CyberTech Rambler

April 7, 2006

Does Minnesota “Open Data Format” Bill remove vendor lock-in?

Filed under: Uncategorized — ctrambler @ 2:51 pm

Andy Updegrove has a scope on a Minnesota's Bill requiring the use of "Open Data Format". It is great that the discussion on "open standard" has spreaded. However, it is my take that it does not in anyway prevent de facto vendor lock-in.

Mr Updegrove is a lawyer in the United States, so his arguement is definitely stronger than me. He believes that this bill can effective stop the use of proprietory (closed) format. Reading it from a 'non-lawyer' viewpoint, it does close a lot of avenues for the state adopting proprietory format. However, I am afraid it does not close one blatant loop hole, i.e., when there is only one vendor for an "open data format". In this case, I will argue that the format is not open at all, but a proprietory format. Nonetheless, it still satisfy the "Open" requirement of the bill.

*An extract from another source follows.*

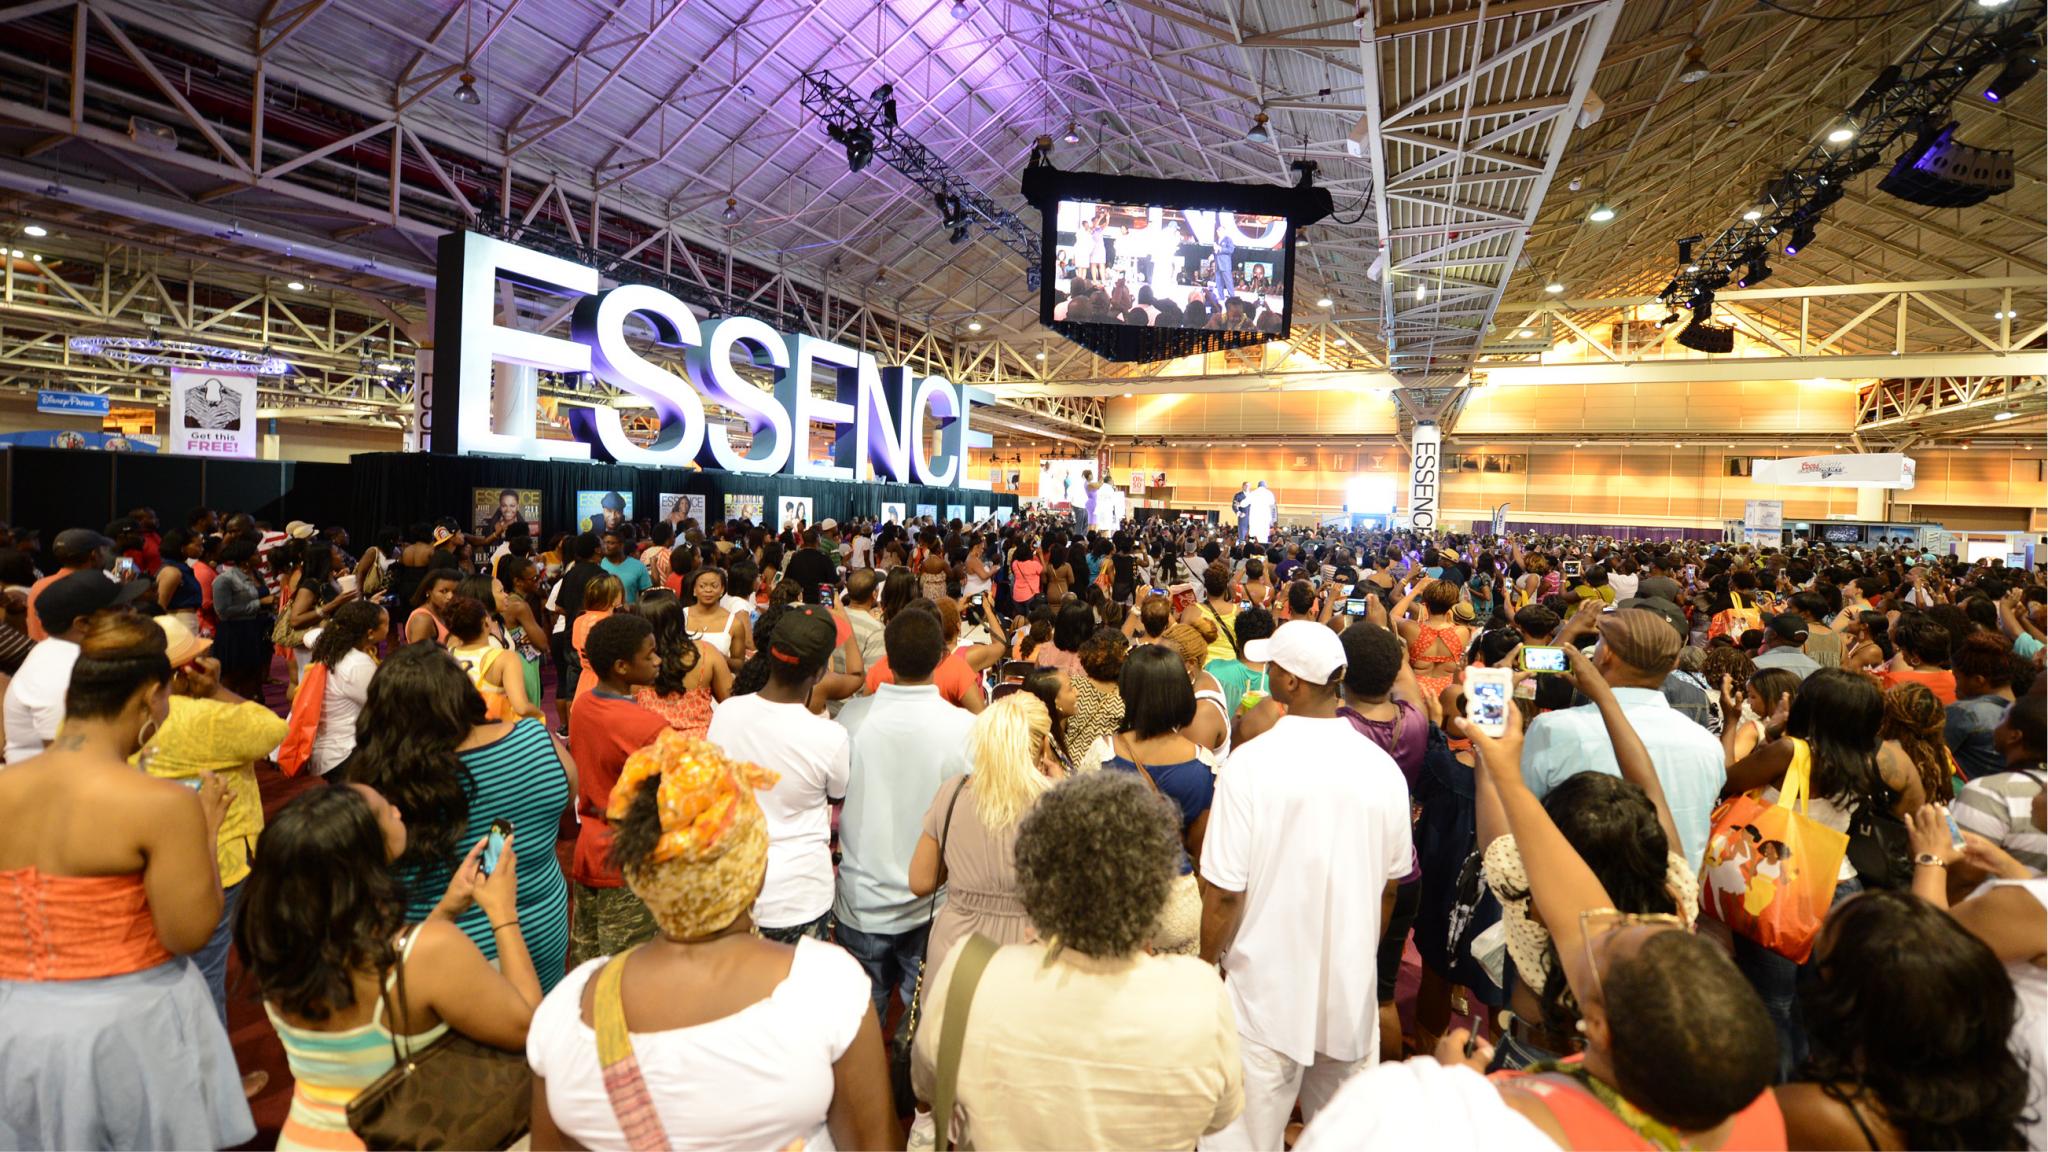 #Top5 Things for Singles to Do at #EssenceFest

Moreover, Microsoft's Office XML format, especially after it is accepted as a ECMA standard, actually qualify for "Open Data Format". It may allows proprietory extension, but the bill merely requires "ensures that all extensions of the data format are themselves documented and have the other characteristics of an open data format;". From an IT point-of-view, if Minnesota choose Office XML format, it can be argue that as long as the state ensure that all extensions used by the state "are themselves documented and have other characteristics of open data format", it satisfy the bill's requirement. Some may say that I am "twisting the words" the way a lawyer crook do, but the "twist" I did is perhaps the only practical way to adopt an open standard that permits extensions.

To shun "open standard" that permits extensions, but cannot guarantee that all extensions must be "open" will be like throwing away a perfectly good fruit because the manufacturer cannot guarantee that there is no sand grain anywhere on the fruit. Take the Kerberos protocol for example, it is open, but it also allow "extension". In fact, Microsoft had "extended" it to include a proprietory authentication scheme. So, should we throw Kerberos away as non-open?

As Updegrove said, it will be interesting to see how this "open standard" debate evolves.